Kevi Correia is on the hill tomorrow against perhaps Brian Matusz, who was scheduled. Matusz bunted a ball off his beak yesterday, ala AJ Burnett. It's just a bruise, not a break, but he's questionable for the start.
- The Orioles were 5-for-8 against Brad Lincoln with two outs tonight. That's not exactly finishing out innings.
- After more than a year away due to concussion-related symptoms, Orioles second baseman Brian Roberts returned to action tonight and went 3-for-4 with a sacrifice fly.
- Chris Leroux tossed another goose egg during his Indy rehab, going a frame with a beaned batter.
- Rick VandenHurk threw seven shutout innings for Indy. The free agent, who has worked parts of five MLB seasons with Florida and Baltimore, is 4-0 with a 1.14 ERA.
- Whatever OF Robbie Grossman did, he's finally served his time and turned the page. He was benched for a week, but is back in the Altoona lineup tonight.
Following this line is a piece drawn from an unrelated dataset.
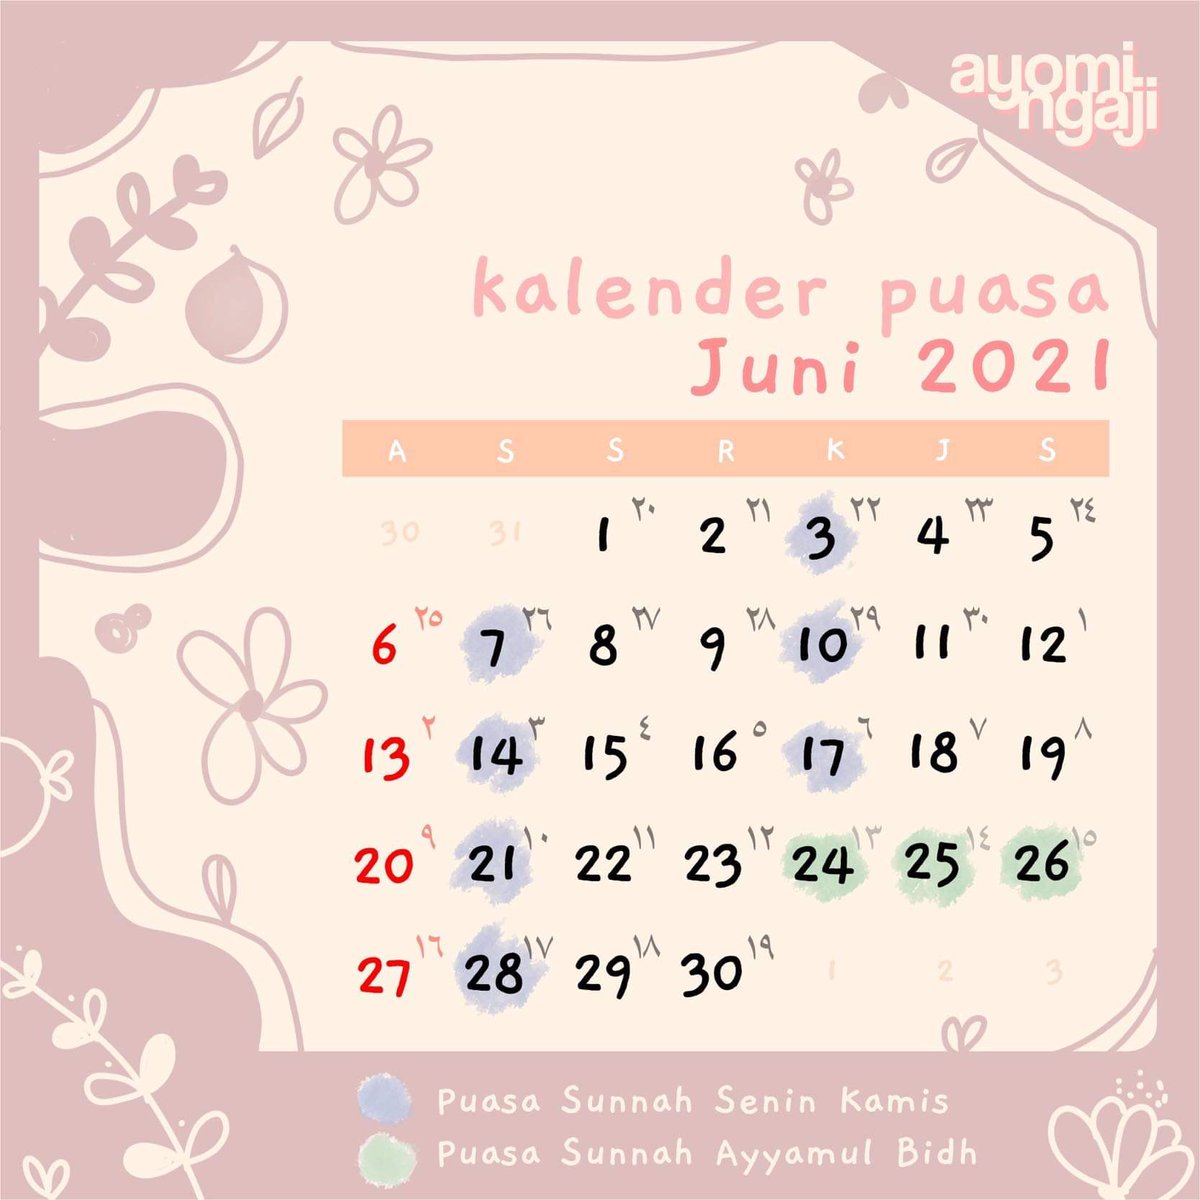 Sunnah kalender 2021 puasa Download Kalender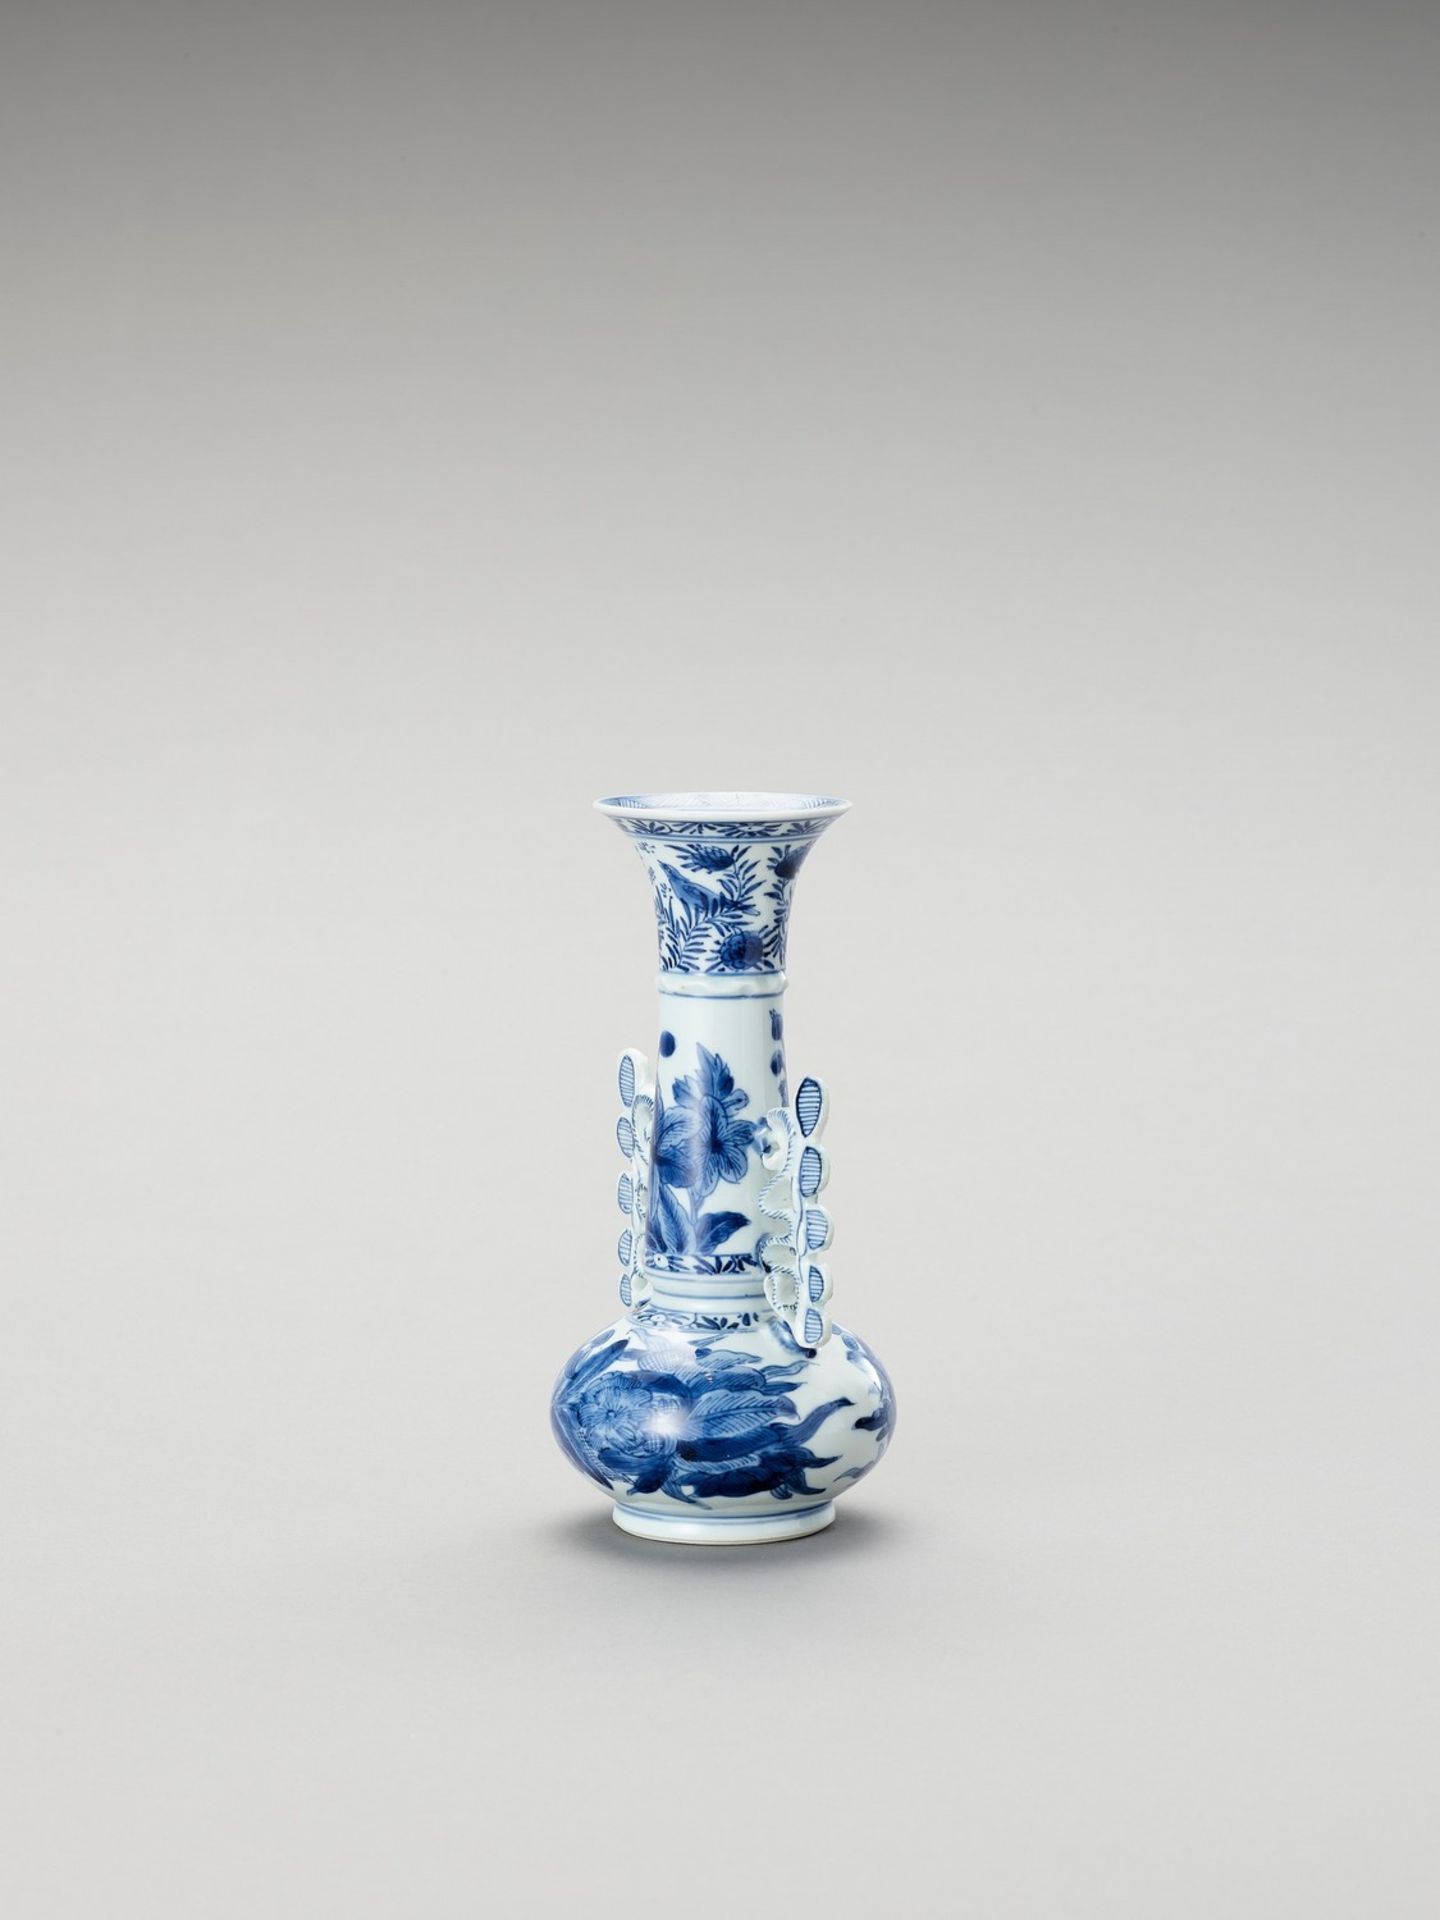 A BLUE AND WHITE PORCELAIN BOTTLE VASE - Image 2 of 6

- Cory Giger of the Altoona Mirror tweeted that the Pirates' back burner young gun, 17 year old RHP Luis Heredia, will start the year at State College after spending last season in the rookie GCL. SC plays in a mainly college league and is quite a jump for the youngster. He'll join 18 year old high school catcher and second round pick Wyatt Mathisen there, forming a Bucco battery on the fast track.
- Steve Pearce has caught on with the O's. Since coming aboard, he's started five games, all in the outfield, and is hitting .235. He started tonight and went 1-for-4.
- OF Brandon Moss was called up recently by the As, and hit his second home run tonight. He has three hits in six games, and two have gone yard.
- The day in baseball history: In 1939, the National Baseball Hall of Fame and Museum was dedicated at Cooperstown, N.Y.